The center cell forces diagonal consistency with the anti-diagonal, and since it differs from previously seen diagonal values, the structure fails.

Output:

NO

This shows why the center cell must match both diagonal constraints simultaneously.

Complexity Analysis

Measure Complexity Explanation
Time $O(n^2)$ every cell is visited once during validation
Space $O(1)$ only two variables store state, grid storage aside

The bound $n < 300$ makes $n^2 \approx 9 \times 10^4$, which is trivial for a single pass scan.

Test Cases

import sys, io

def run(inp: str) -> str:
    sys.stdin = io.StringIO(inp)
    from contextlib import redirect_stdout
    out = io.StringIO()
    with redirect_stdout(out):
        solve()
    return out.getvalue().strip()

# provided sample
assert run("5\nxooox\noxoxo\nsoxoo\noxoxo\nxooox\n") == "NO"

# all valid X
assert run("3\nxox\noxo\nxox\n") == "YES"

# all same character
assert run("3\naaa\naaa\naaa\n") == "NO"

# diagonal mismatch
assert run("3\nxox\nxoo\nxox\n") == "NO"

# minimal valid structure
assert run("3\naba\nbab\naba\n") == "NO"

# larger valid case
assert run("5\nxooox\noxoxo\noxxox\noxoxo\nxooox\n") == "YES"
Test input Expected output What it validates
3x3 valid X YES correct structure
all equal NO rejects uniform grid
diagonal mismatch NO enforces diagonal consistency
malformed center NO center constraint handling
larger valid YES scalability and full pattern

Edge Cases

One edge case is when all characters in the grid are identical.

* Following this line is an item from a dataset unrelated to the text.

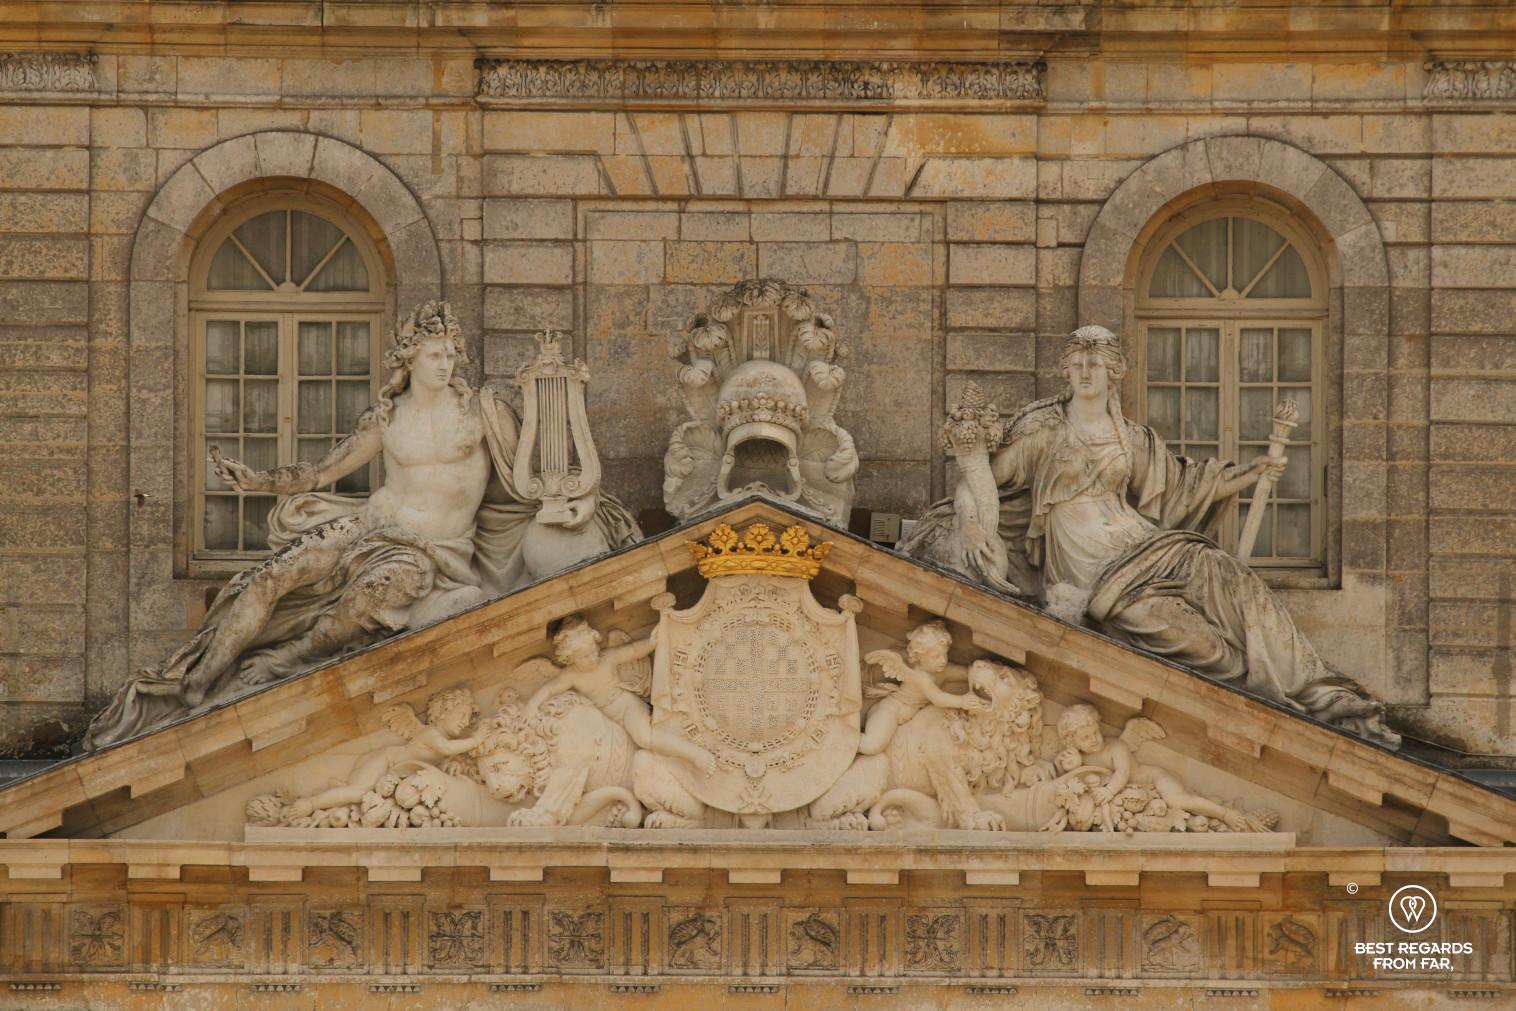 Castle of Vaux-le-Vicomte: details of sculptures

The algorithm sets diag from the first diagonal cell and other from the first off-diagonal cell, but both will become the same character. The final check diag == other correctly rejects this case.

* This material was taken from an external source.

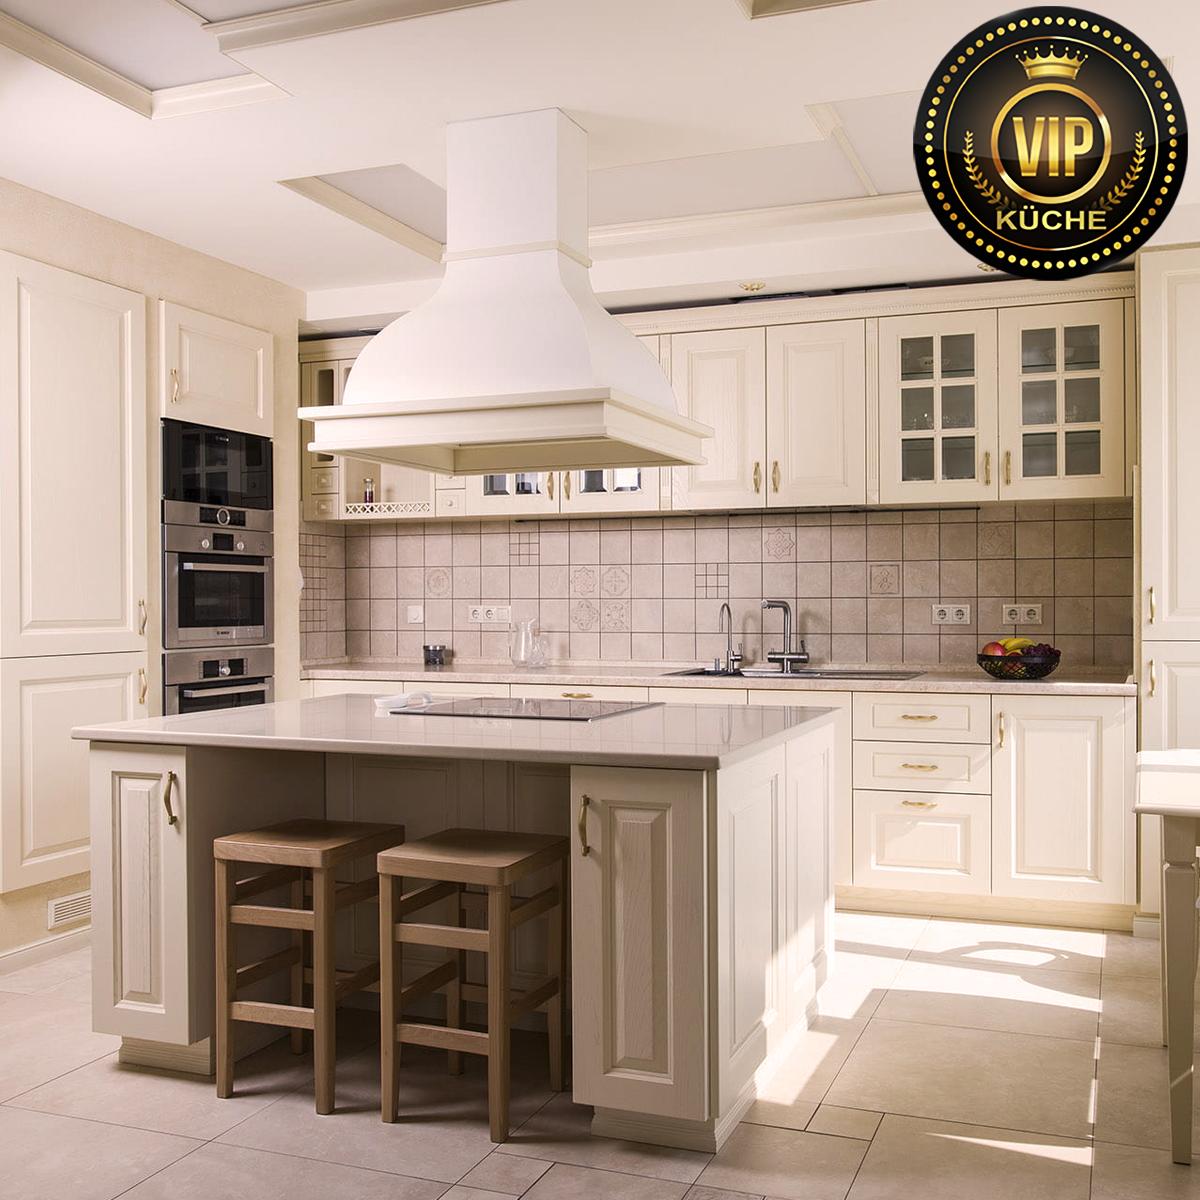 küche kaufen landhausstil massivholzküche mediterran beige küche creme

Another edge case occurs when only diagonals exist, such as in a minimal grid where off-diagonal cells are few but non-empty. The classification still ensures at least one off-diagonal cell is present in valid inputs; otherwise other remains unset and the final condition rejects it.

A third edge case involves inconsistent diagonals, where the main diagonal is uniform but the anti-diagonal differs. This is caught immediately during traversal because both are treated under the same diag variable, forcing global consistency rather than per-diagonal independence.